Film narratives also bring value to products and services that can be associated with the location through the story.

Joakim Lind, Branding Consultant

Added Modern Family’s Co-Creator and Executive Producer Steven Levitan: “I am sure that anyone who sees this episode will fall in love with Australia and its beauty in the same way we did.”

Film tourism is increasingly seen as an important part of promoting countries and regions internationally and by encouraging movie fans to visit the parts of the world where their favourite films and TV shows were shot.

Joakim Lind is a branding consultant with Swedish communications company Cloudberry and is specifically an expert on place branding.

“Film-induced tourism is only one direct and visible dimension of the value a film gives the location,” Lind explains: “Film narratives also bring value to products and services that can be associated with the location through the story. Place branding through the film is not only the branding of a place but also the branding of all goods, services, contexts and people that can be associated with the location.”

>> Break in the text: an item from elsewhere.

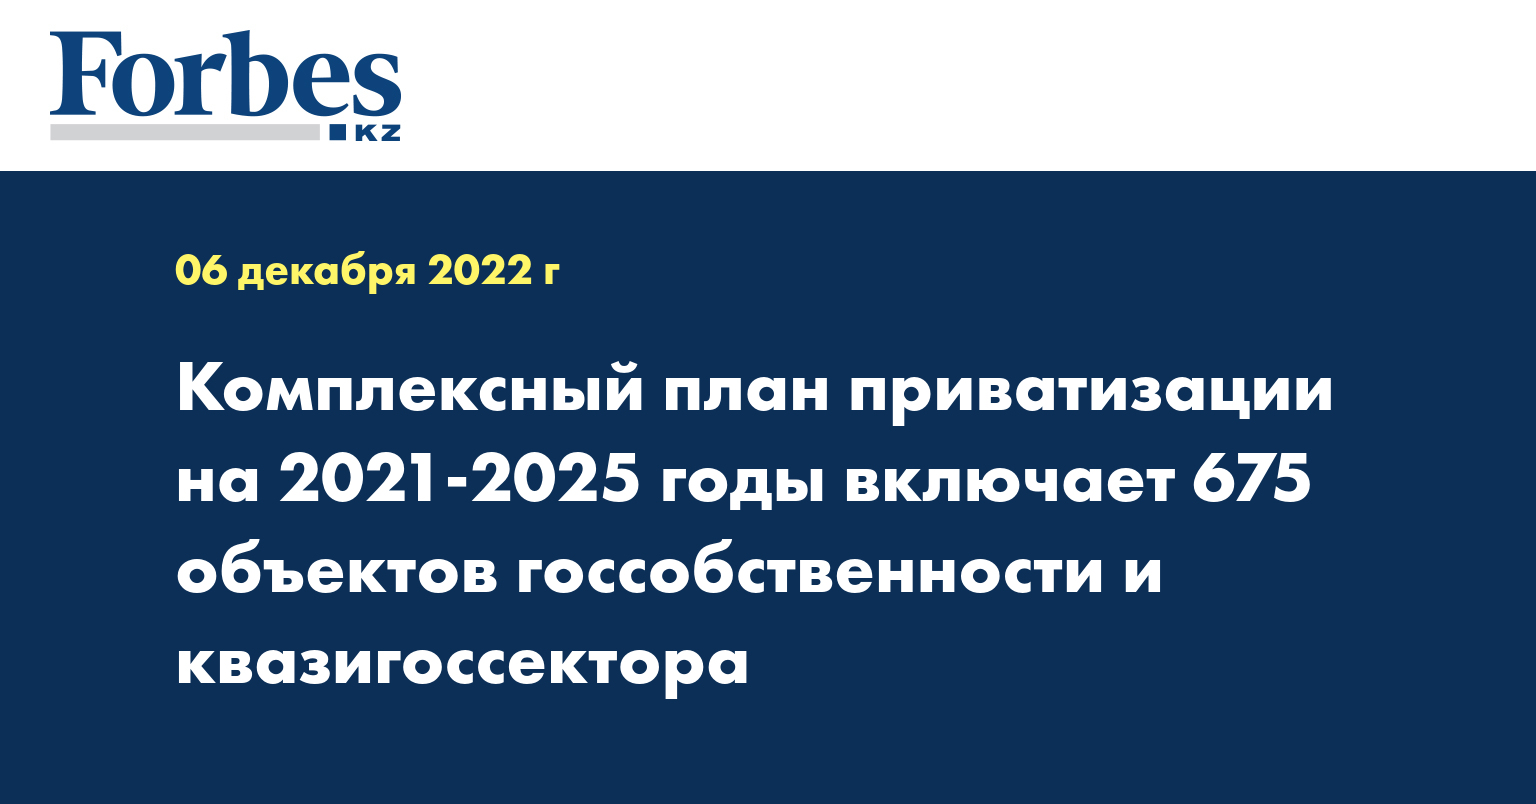 Комплексный план приватизации на 2021-2025 годы включает 675 объектов госсобственности и квазигосcектора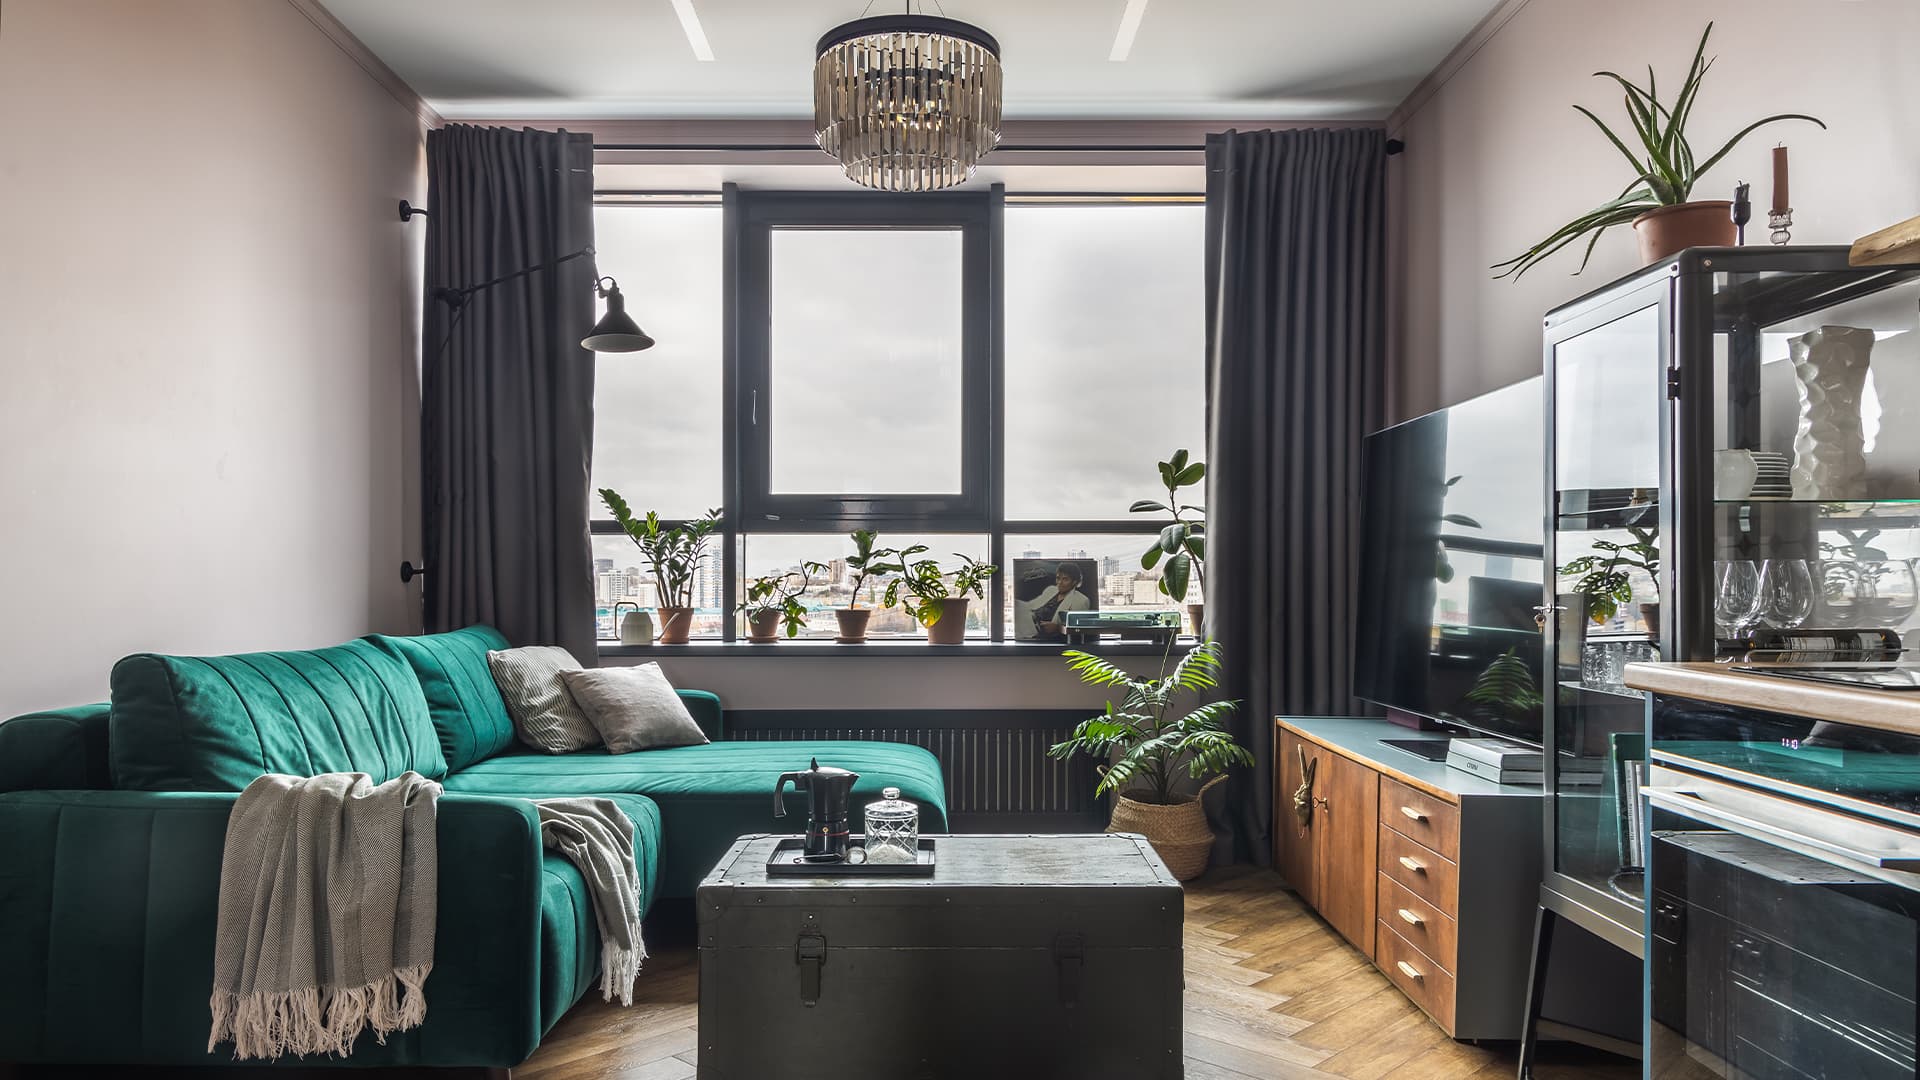 Эклектичный интерьер квартиры с тщательно продуманным декором — проект Надежды Токаревой

New Zealand is among the highest-profile and most frequently-cited examples of successful film tourism after the profile boosts delivered first by the Lord of the Rings trilogy and now the Hobbit films. The New Zealand government is also planning to capitalise on James Cameron’s Avatar sequels. On the other side of the world, Northern Ireland recently launched a major new film tourism campaign hinging on the continuing success of Game of Thrones.

“A film that for a large audience successfully tells the story of a place makes room for the location in the consciousness,” Lind adds.